What to produce: Starting with the line that contains "Hoda Kotb in blue outfit", return every line through the end of the listing below exactly as written. Omit the pictures.

Given data:
○ ○ ○ ○ ○
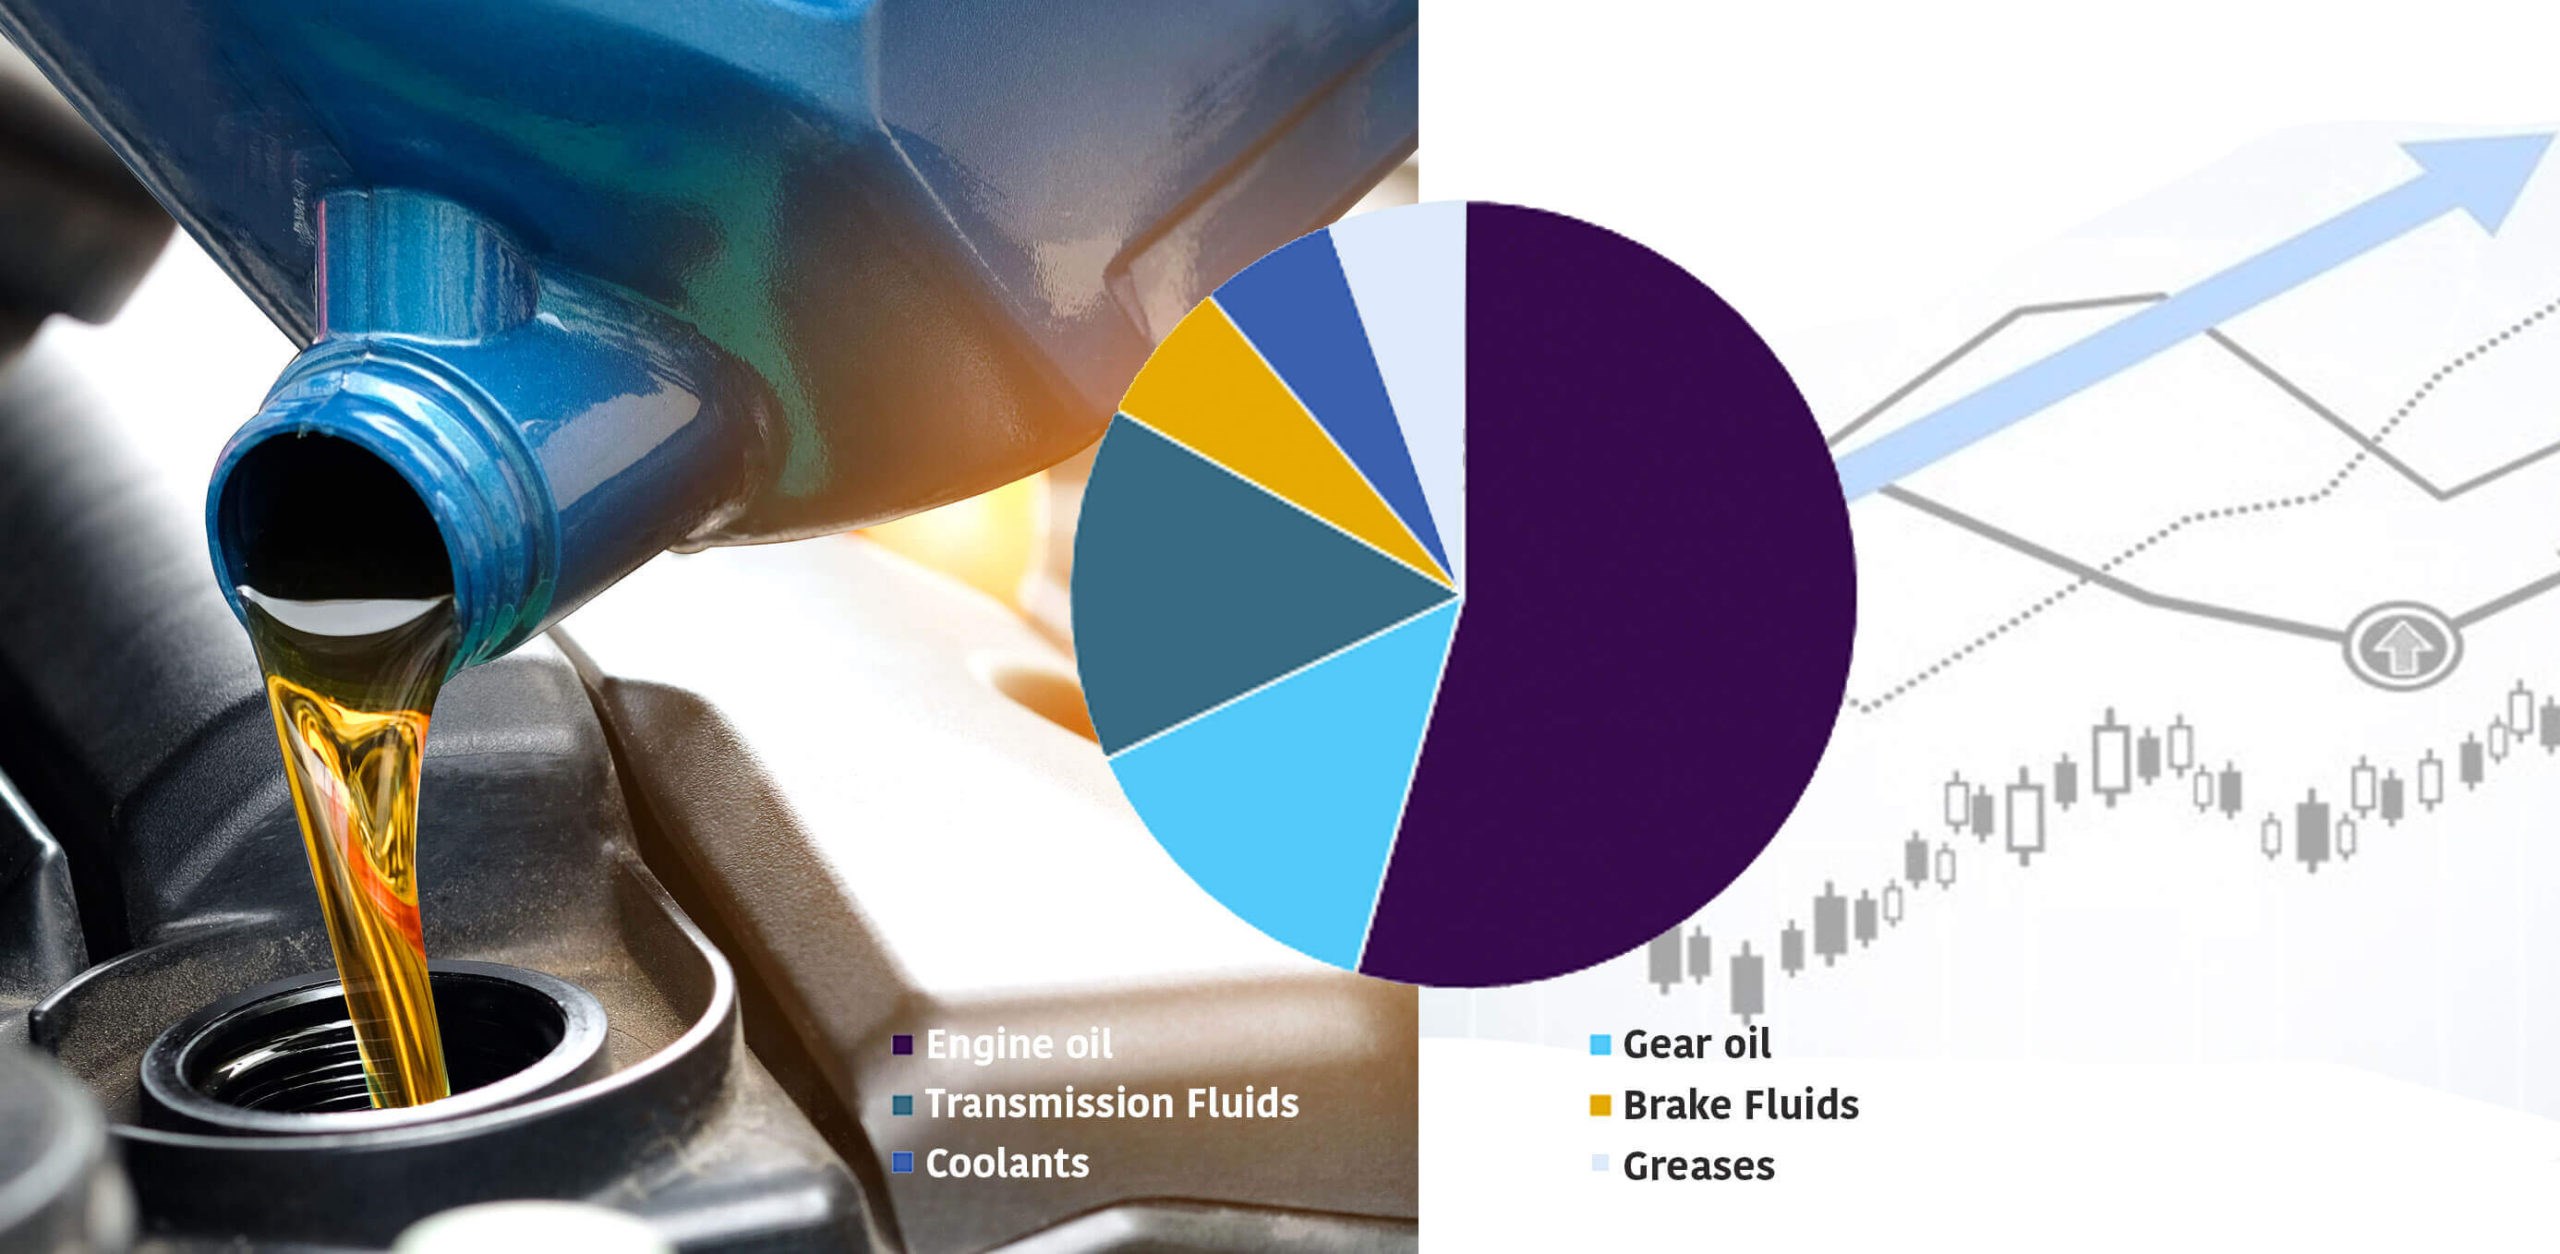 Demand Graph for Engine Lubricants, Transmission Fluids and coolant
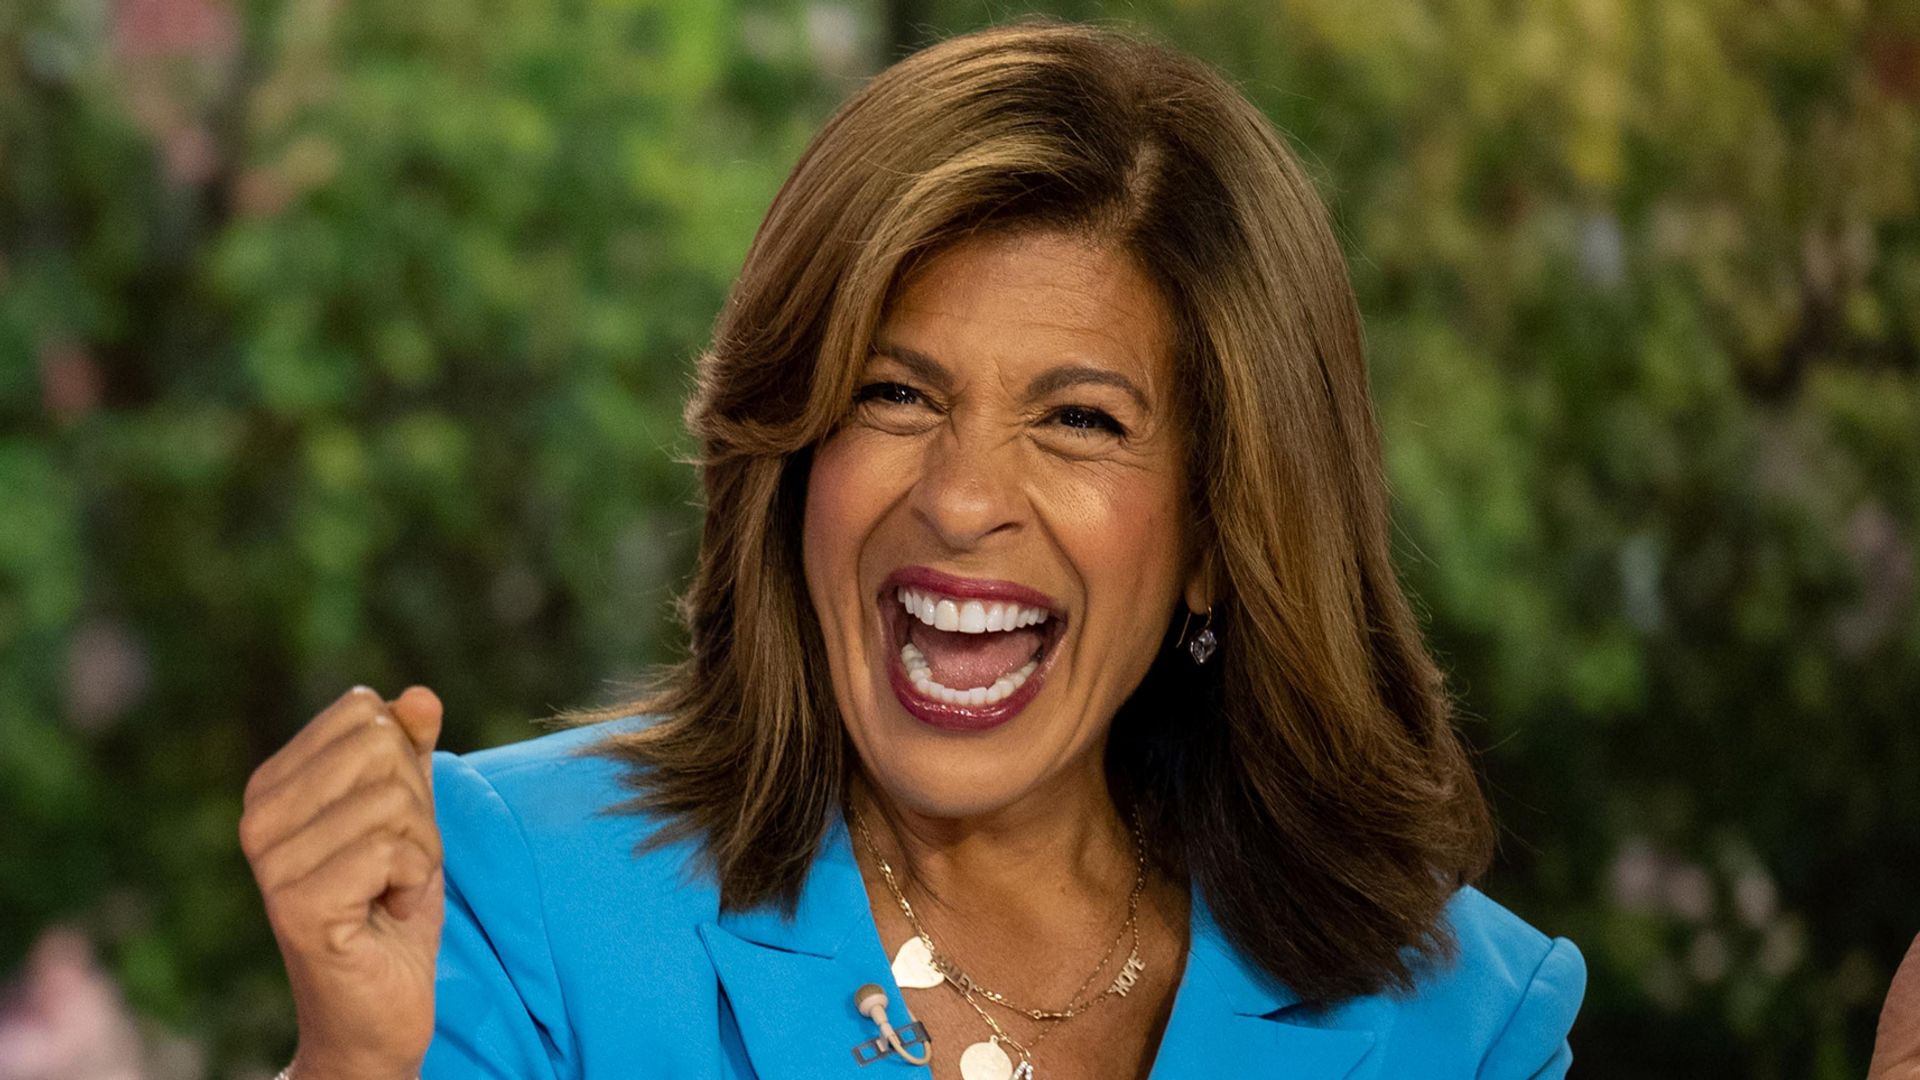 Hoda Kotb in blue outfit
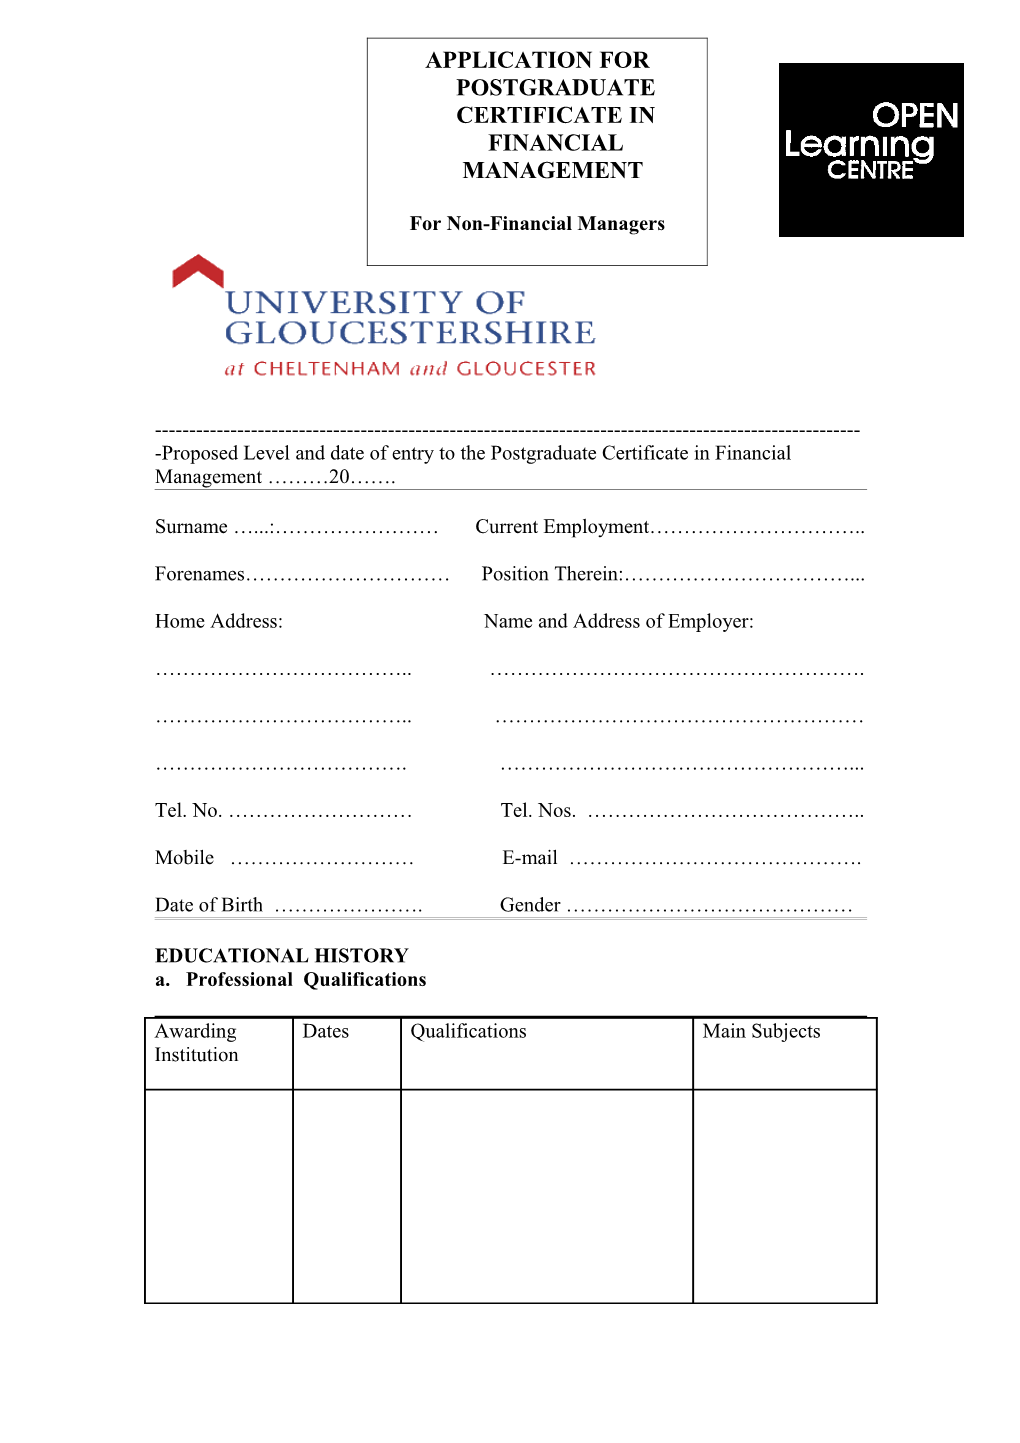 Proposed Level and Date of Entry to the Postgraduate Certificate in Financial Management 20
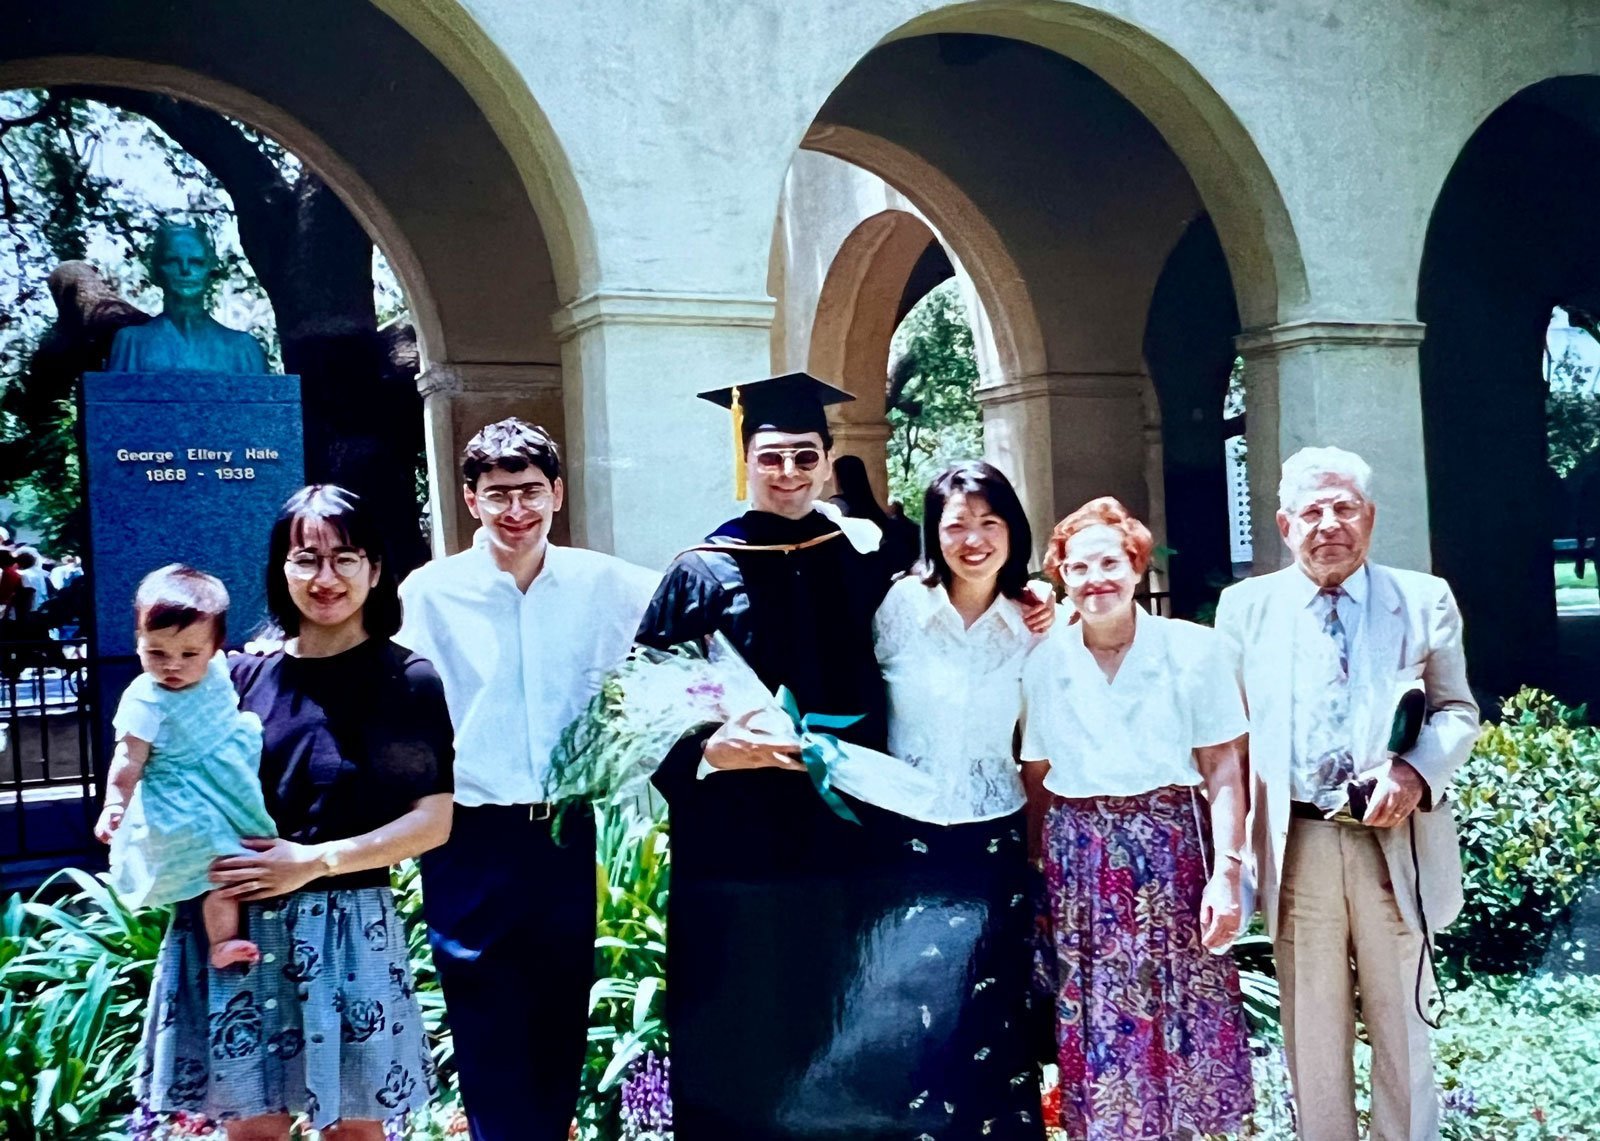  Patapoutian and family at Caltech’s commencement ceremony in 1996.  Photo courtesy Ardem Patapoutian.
○ ○ ○ ○ ○
Solution to this task:
 Hoda Kotb in blue outfit
 Proposed Level and Date of Entry to the Postgraduate Certificate in Financial Management 20
  Patapoutian and family at Caltech’s commencement ceremony in 1996.  Photo courtesy Ardem Patapoutian.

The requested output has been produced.